Cloudflare has rebuilt Browser Run on top of its own Containers platform, delivering 4x higher concurrency (120 simultaneous browsers, up from 30), 50% faster response times for quick actions, and support for WebGL and WebMCP.
The upgrade, which required no changes from existing users, caps a sequence of launches over the past two months that collectively assemble a full-stack platform for building and running AI agents. Ruskin Constant, Rui Figueira, and Sofia Cardita from the Browser Run team write:
AI agent builders discovered Browser Run and quickly brought request volumes outpacing our existing capacity.
That demand spike forced an architectural rethink. Browser Run previously shared infrastructure with Cloudflare's Browser Isolation (BISO) product, where long, steady human sessions clashed with the short, spiky usage patterns of AI agents. The rebuild moved to dedicated Containers with regional pools of pre-warmed browsers, migrated state management from Workers KV (eventual consistency causing race conditions) to D1 with Queues (transactional assignment, batch writes handling up to 500,000 containers per location), and eliminated the multi-step WebSocket choreography for quick actions in favor of single HTTP requests executed entirely inside the container.
Browser Run is the browsing layer, but the broader story is the platform. Over the past two months, Cloudflare has shipped six distinct infrastructure primitives that together cover every layer an agent platform needs:
- Compute comes in two tiers. Dynamic Workers provide V8 isolate-based execution that boots in milliseconds for lightweight tasks such as lint, typecheck, and API calls. Sandboxes, now generally available, provide full Linux containers for when agents need git, bash, dev servers, and multi-language builds, with secure credential injection via egress proxy so agents never see raw tokens.

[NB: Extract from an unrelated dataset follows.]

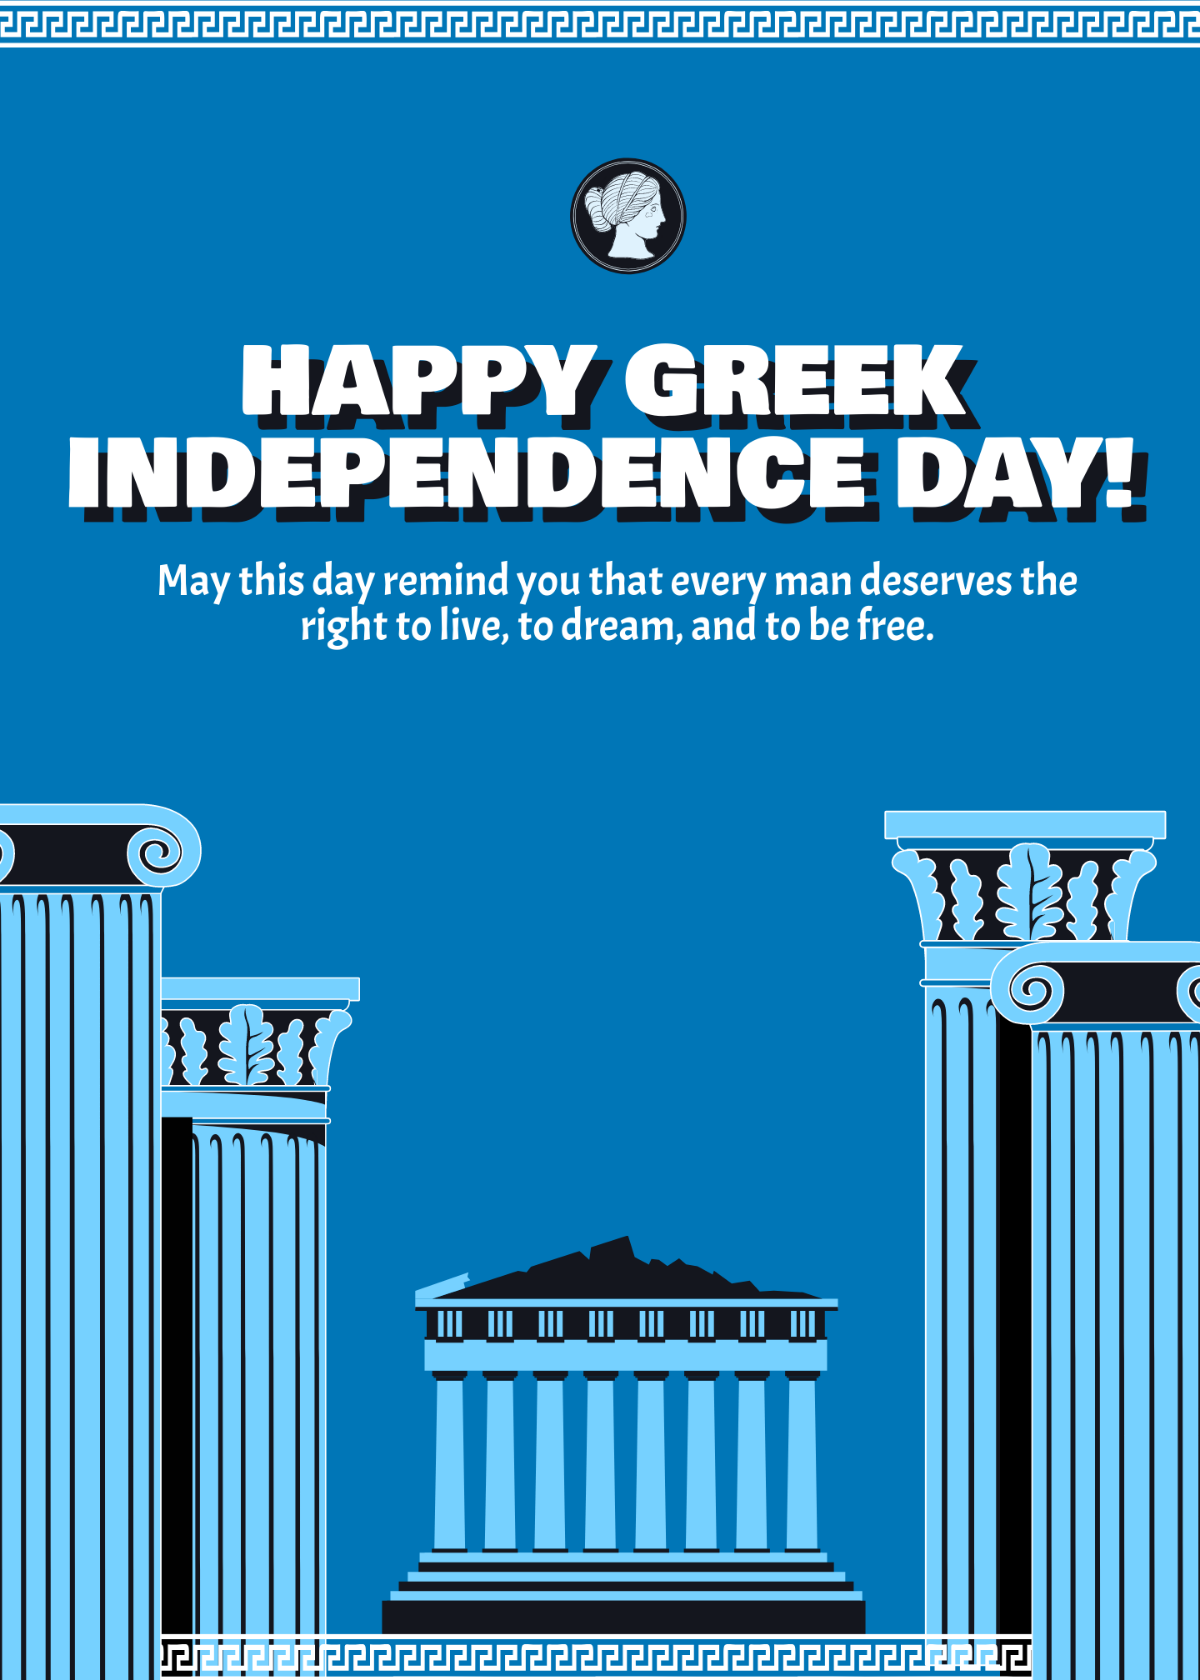 Greek Independence Day Greeting

- Orchestration is handled by Dynamic Workflows, a roughly 300-line MIT-licensed library that extends Cloudflare's durable execution engine so workflow code can differ per tenant, agent, or request at runtime. Every step is independently retryable, every sleep hibernates for free, and idle tenants cost approximately nothing.
- Memory is provided by Agent Memory, currently in private beta. The service extracts structured memories from agent conversations using a dual-pass ingestion pipeline and retrieves them through five-channel parallel search with Reciprocal Rank Fusion. Shared memory profiles let teams of agents access common knowledge.

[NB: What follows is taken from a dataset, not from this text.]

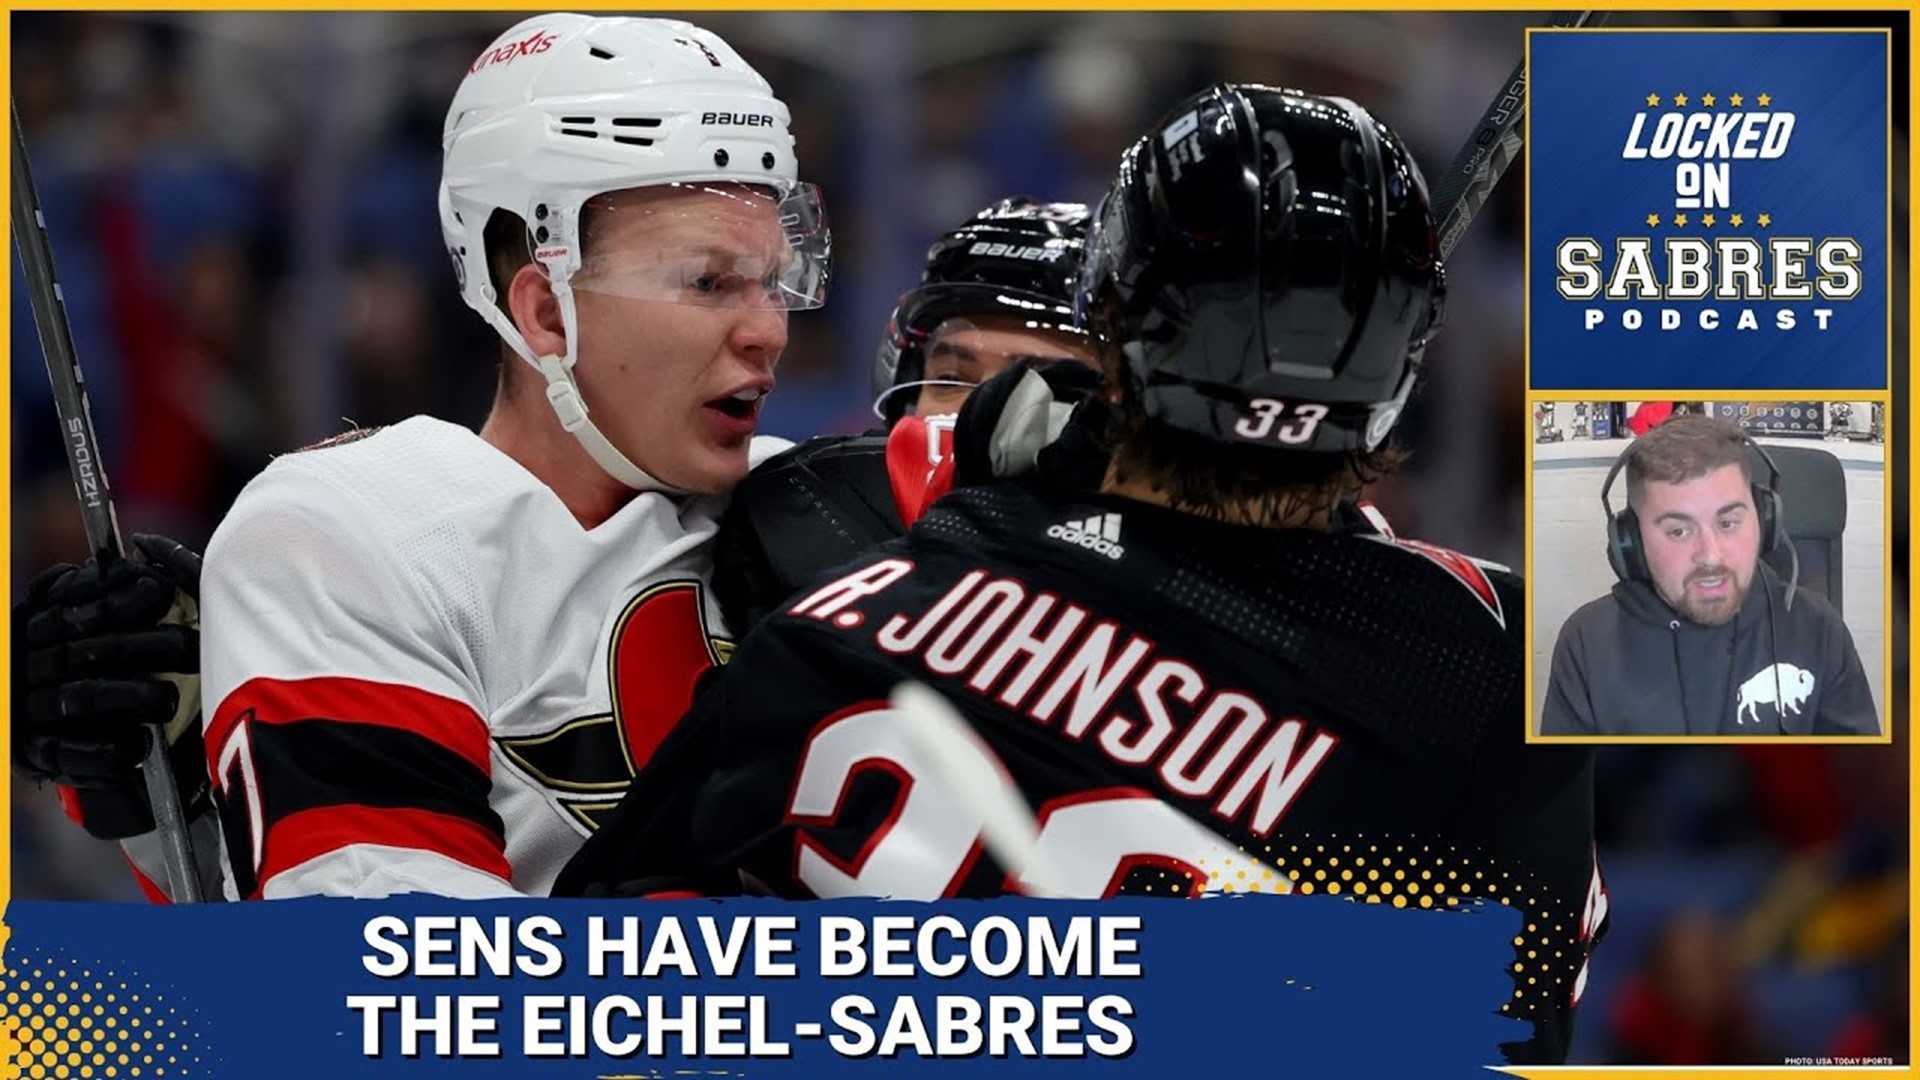 Senators have become the Eichel-Sabres

- Browsing is now Browser Run on Containers, giving agents headless Chromium instances they can control via the DevTools Protocol or the Agents SDK. The WebMCP addition enables Model Context Protocol interactions directly through the browser.
- Commerce rounds out the stack. Through a protocol co-designed with Stripe, agents can autonomously create Cloudflare accounts, register domains, start subscriptions, and deploy to production. Stripe handles identity and payment with a $100/month default spending cap per provider.
The competitive question is whether this constitutes the most complete agent infrastructure offering outside the hyperscalers. AWS has Bedrock AgentCore with Agent Registry, but no managed browser or agent memory equivalent. Google Cloud has GKE Agent Sandbox, but as a Kubernetes-native primitive rather than a managed platform service. Neither offers anything comparable to the commerce protocol.
Cloudflare's bet is different from both: a vertically integrated stack where every layer is edge-distributed across its global network, every binding is heading toward a dynamic per-tenant counterpart, and the platform itself is what Cloudflare calls "Customer Zero" for, running its own products on the same infrastructure it sells. Whether this integration advantage outweighs the hyperscalers' broader ecosystem remains an open question for platform teams evaluating where to build their agent infrastructure.
Browser Run improvements are live now on all Workers plans. The Agents SDK includes built-in Browser Run support.